It’s waking up from a dream and reaching your arm across the bed, only to have it fall flat on the sheets. It’s when your car breaks down in the middle of nowhere and you can’t get a signal. It’s choking on your own vomit. It’s watching your life through a window. It’s settling for the nice boy. It is a self-inflicted wound that lingers and scars and bubbles on your skin, that you hope nobody will notice. Don’t worry; they’ll say they didn’t. It’s a debilitating grief that begins your chest and your fingertips and your eyelids. It’s forgetting how to breathe and not knowing if you want to remember. It’s the little moments where you think about his hand on your waist or his breath on your collarbone and your stomach sinks a little lower and you grab the wall for support.
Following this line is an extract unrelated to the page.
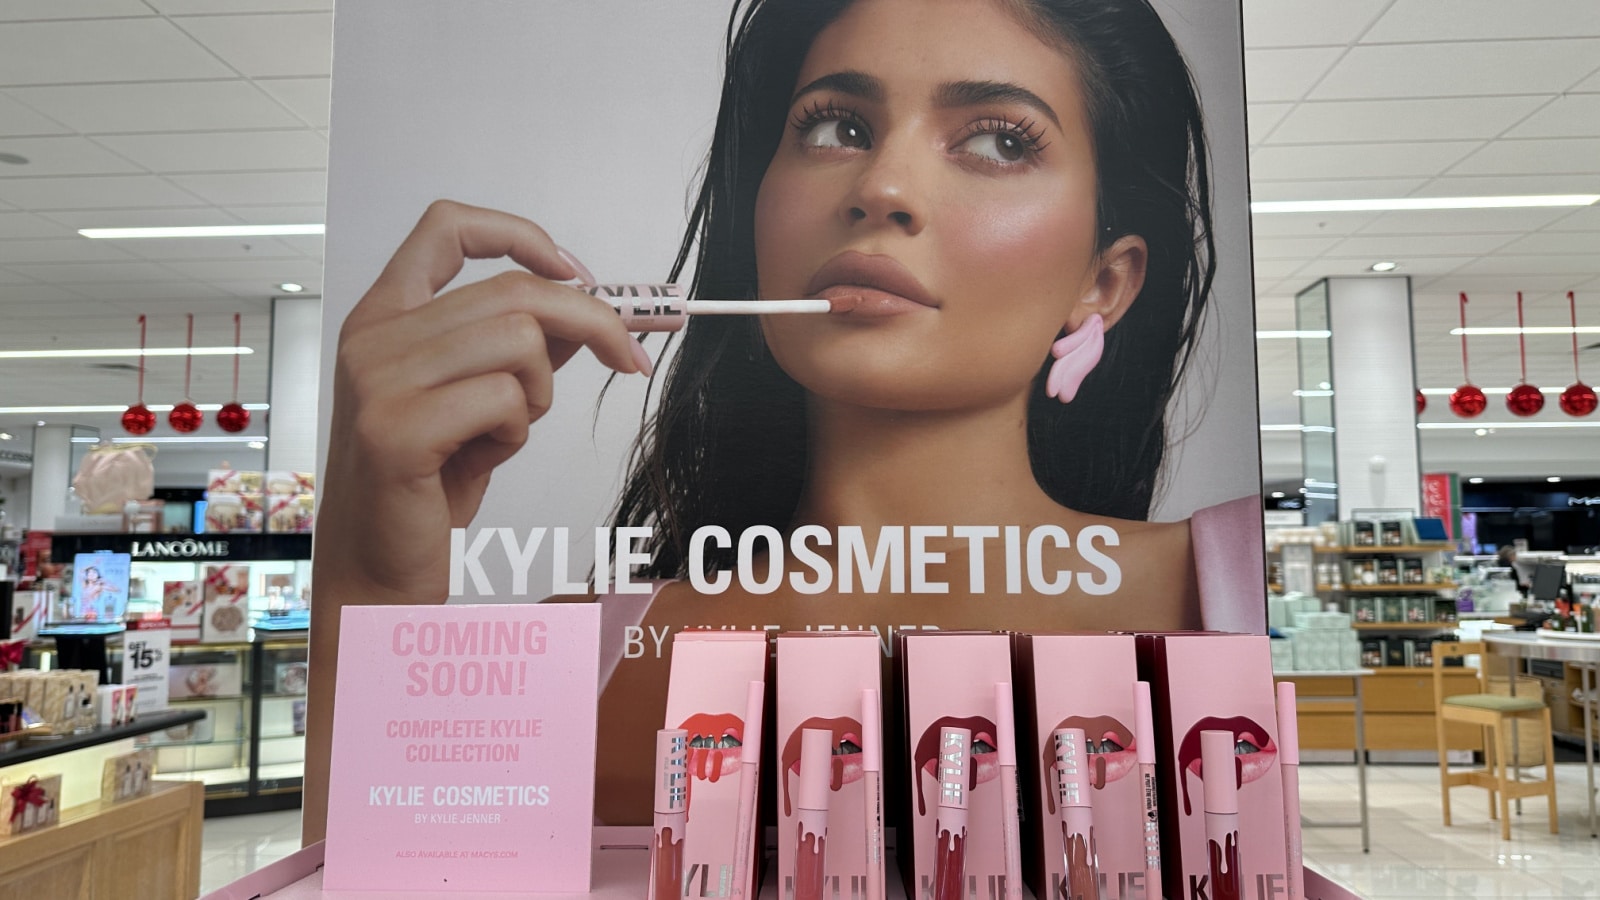 Minnetonka, Minnesota - December 2, 2022: Display of Kylie Cosmetics by Kylie Jenner matte lip kit, at a Macy's department store

It’s praying to something or someone that maybe one day you’ll feel that way again. It’s finding beauty and pain in everyone you meet and wondering if they’re missing someone, too. It’s finding beautiful boys you don’t want to love. (But that you want to want to love.)
It’s seeing his face or hearing his name and drifting off to the place between dreaming and reality also known as memory. You know what it is. It’s the way he looked at you when you confused him and the way he looked at you when you laughed. It’s the way he reached out for you at seven am, eyes still heavy with sleep, and pulled you closer. It’s the moments where you knew he was broken, when he was humble enough to let you in. It’s the moments where you held each other close and wiped the other’s tears. Your arms and legs grow heavy and you don’t know if you can bear it another second so you come back. Back to the empty bed or the lecture hall. Back to the shopping cart or the traffic light. Back to the conversation with a friend who can’t decide who to sleep with that night. (It’s a rather big deal.)
It’s staring at the phone not in anticipation but in dilemma. It’s making coffee for one and oddly hoping he’s doing the same at that exact moment. It’s when the sky’s a little duller, night’s a little longer, and jokes are not as funny as they once were. It’s being surrounded by your best friends and family, in a room full of laughter, and feeling slightly off. It’s looking at that sea of faces and one is missing. It is being trapped inside the universe where you once existed as one, and not two. It is holding out hope that he is the end game. It is being out of touch with reality. And the worst part of all is that you don’t know if you want it to end.